# Deca and anapolon 50.



## BIGGA (Sep 23, 2007)

Hi, im new to this forum but not to bodybuilding, ive trained for 3 years and went upi to 15 stone before taking a break for 2 years due to work and family commitments, (my daughter was born) i sort of lost my desire as i dropped to 13 stone and found it hard to get back into the gym and my motivation was gone.

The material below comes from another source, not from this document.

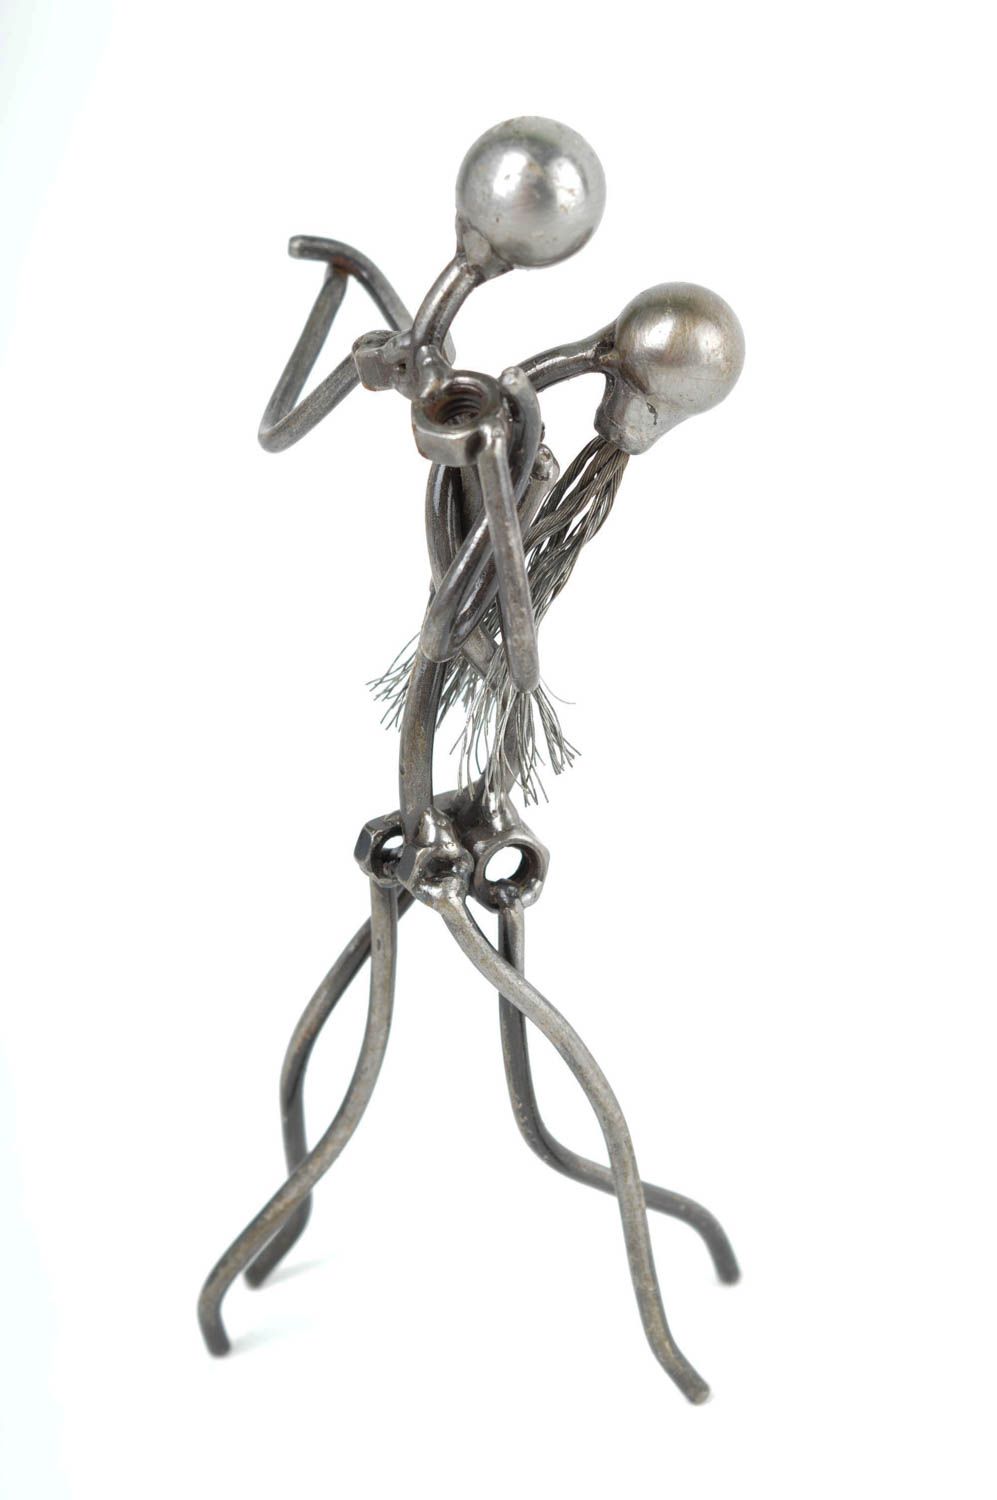 Unusual handmade figurine romantic metal figurine gift ideas decorative use only photo 5

Anyway 4 months ago i started training again and immediately realised what id been missing...the first 2 weeks was hard but then i saw gains and am hooked again, my weights are all increasing on my big lifts (though not impressive enough to post here...yet!) lol

In the past id tried a 10 week course of Deca and Sustanon 250, but was inexperienced and didnt realise what i was doing and mostly wasted the opportunity because it was a last ditch attempt to keep motvated when my daughter was born and my heart was,nt in it.

Now im back with avengence and hitting the iron hard again, so this brings me to my question...im taking a course of Deca @ 2ml a week for 8 weeks, also a friend gave me 50 anapolon 50 tabs to take 1 a day aswell as the deca.

Is this safe? i know naps are hard on the liver so im not planning on taking them for long...all i need to know is what it rates as a stack...in your opinions?

Also when this course is finished what will i expect in terms of dropping weight, and how can i get my natural test levels back to normal again?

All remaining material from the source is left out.